# Task 1: Data exploration

In [None]:
import matplotlib.pyplot as plt
import pandas as pd
import numpy as np
from pylab import rcParams
import statsmodels.api as sm
from fbprophet import Prophet
pd.plotting.register_matplotlib_converters()
from statsmodels.graphics.tsaplots import plot_acf, plot_pacf
from statsmodels.tsa.arima_model import ARIMA
from statsmodels.tsa.statespace.sarimax import SARIMAX
from statsmodels.tsa.holtwinters import ExponentialSmoothing
from pmdarima.arima import auto_arima

## Reading the data

**Task**: Read the csv file *RetailNZ.csv*.
Open the dataset by reading the csv file in a Pandas dataframe

In [None]:
retail_df = pd.read_csv('RetailNZ.csv', sep = ',')
retail_df

## Processing data with Pandas

**Tasks**:
* Convert the *Date* column to date format. 
* Sort by date
* Set the date as index

In [None]:
retail_df["Time"] = pd.to_datetime(retail_df["Time"], format = '%Y-%m')  # converting date
retail_df = retail_df.sort_values(by = 'Time')  # sorting
retail_df = retail_df.set_index('Time')  # indexing

**Task**: We're going to start by only looking at the Clothing data.

you can also try to use other time series
* 'Footwear'
* 'Chemist'

In [None]:
data_key = 'Clothing'
#data_key = 'Chemist'
#data_key = 'Footwear'
df = retail_df[[data_key]]

### Data visualization

**Tasks**: plot the data using a line chart

What is the general trend noticed and what are the visible patterns?

In [None]:
plt.rcParams['figure.figsize'] = [15, 7.5]
df.plot.line()

Let's zoom a bit, for the most recent years. Can you see some visible patterns?

In [None]:
df[-36:].plot.line()  # we take the last 36 months -> 3 years

### Differencing

**Tasks**: we'll try to get rid of seasonality & trend by differencing

First, let's see if differencing with previous element works.

In [None]:
df.diff().plot.line()

It removed the trend, but seasonality stayed.
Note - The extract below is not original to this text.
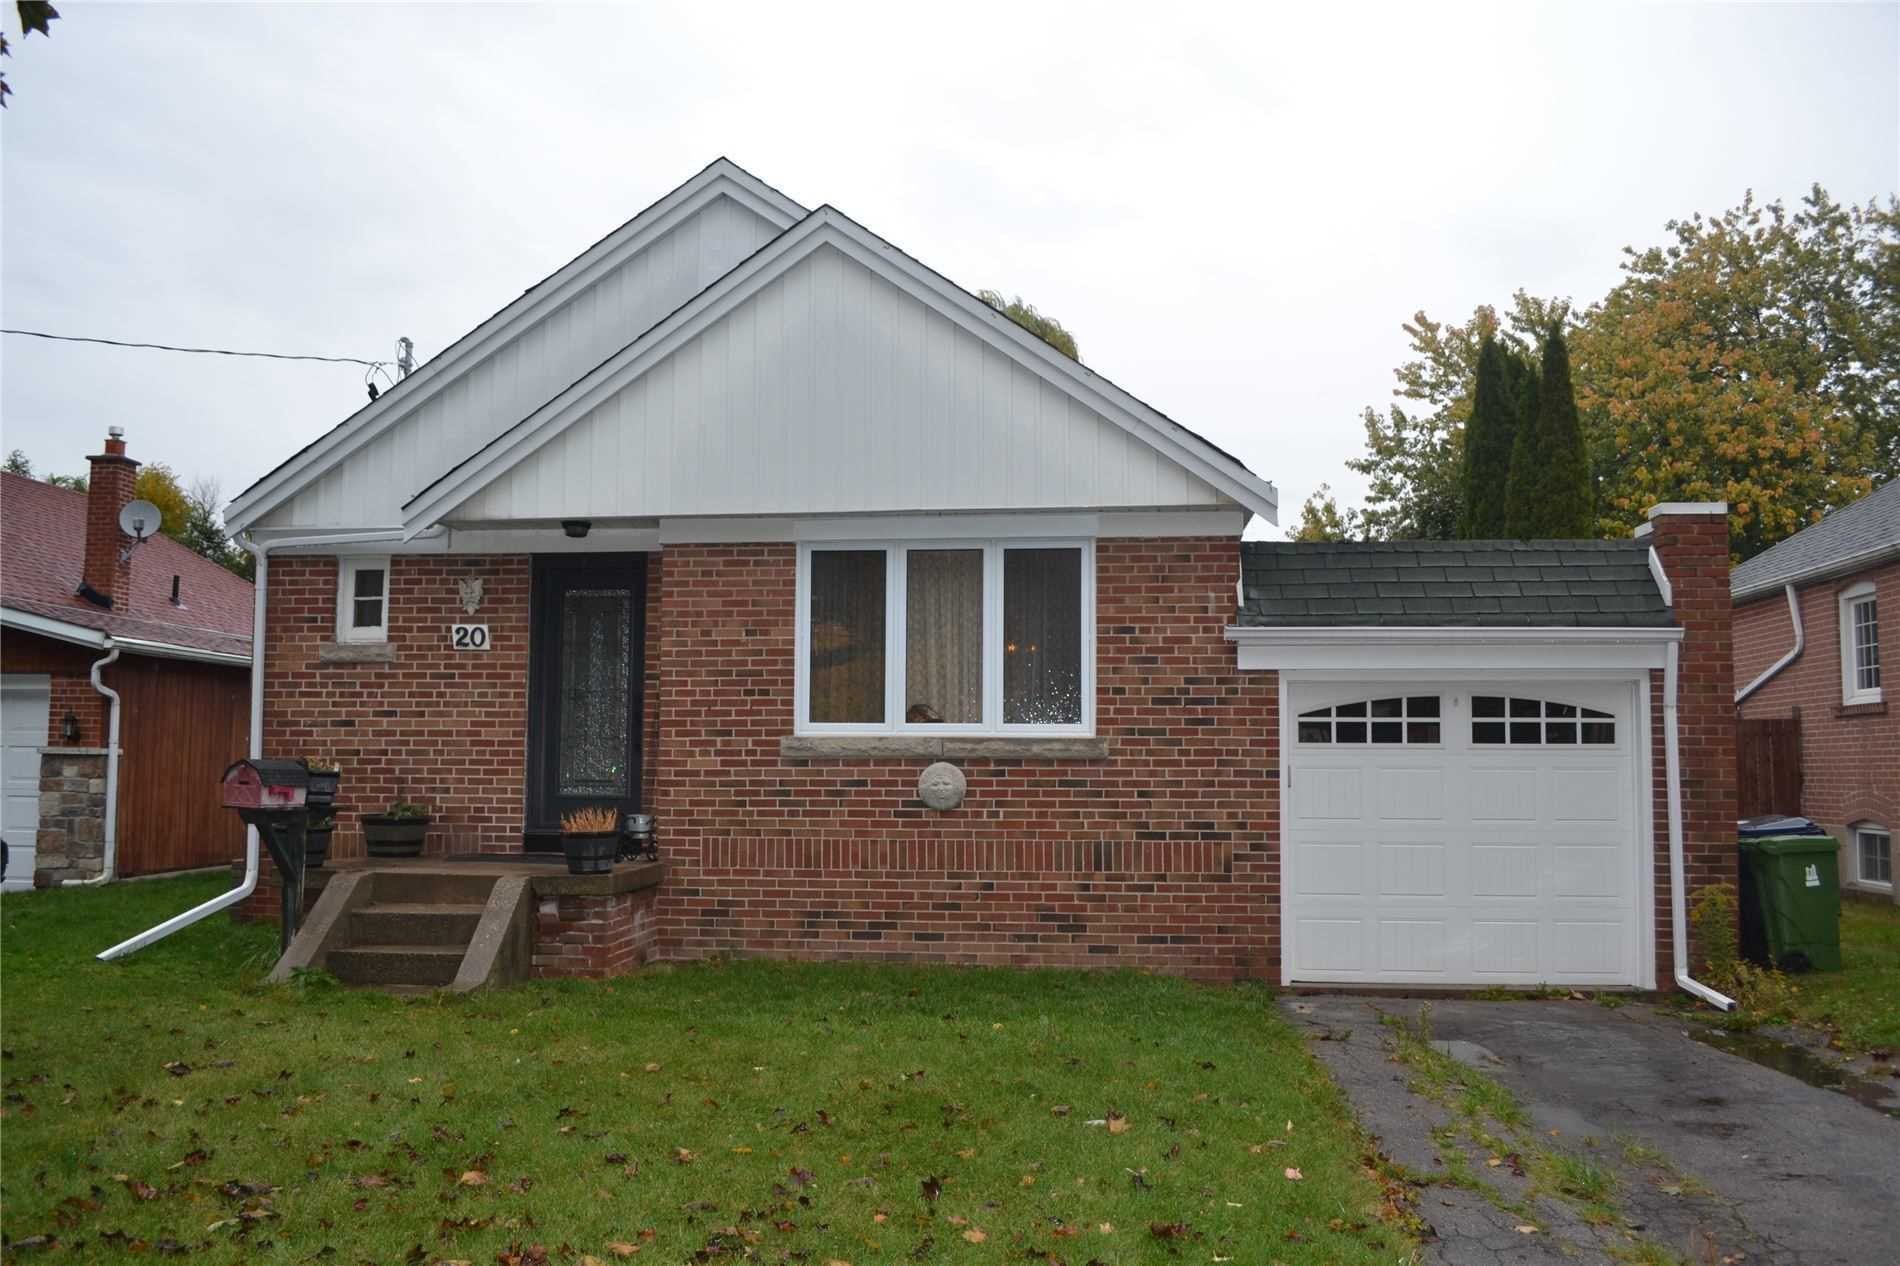 20 Ridgemoor Ave, Toronto, Ontario M1N1M4, 3 Bedrooms Bedrooms, 6 Rooms Rooms,2 BathroomsBathrooms,Detached,For Sale,Ridgemoor,E4961574

How about differencing with the element 12months ago?

In [None]:
df.diff(periods=12).plot.line()

## Time series correlation

Let's check our observations using autocorrelation & partial autocorrelation

**Tasks**: plot the autocorrelation and partial autocorrelation

In [None]:
plot_acf(df, lags=24)
plt.show()

In [None]:
plot_pacf(df, lags=24)
plt.show()

## Time series decomposition

We will deconstruct the time series into several components. Each component represents a category of patterns. This step is called **time series decomposition**.

**Tasks**: Decompose the time serie and understand the underlying concept of:
* Trend
* Seasonality
* Residuals also called noise or randomness

_Pay attention to the scale of the graphs_

In [None]:
# try to change the 'model' parameter to multiplicative to see the difference
decomposition = sm.tsa.seasonal_decompose(df, model='additive')
fig = decomposition.plot()
plt.show()

# Task 2: Forecasting

For the purpose of this exercise, we're going to keep years 1995-2007 for training, and try to predict years 2008,2009 and 2010. We will then verify our predictions against the ground truth.

In [None]:
train = df[:-36]  # trainset is from first data point to the last data point minus 36 (months)
test = df[-36:]  # testset is from last data point minue 36 months to the end

train.index = pd.to_datetime(train.index)
test.index = pd.to_datetime(test.index)

ground_truth = test.copy()

def mape(true_series: pd.core.series.Series, pred_series: pd.core.series.Series):
    # Mean absolute percentage error
    y_true, y_hat = true_series.values, pred_series.values
    return 100. * np.mean(np.abs((y_true - y_hat) / y_true))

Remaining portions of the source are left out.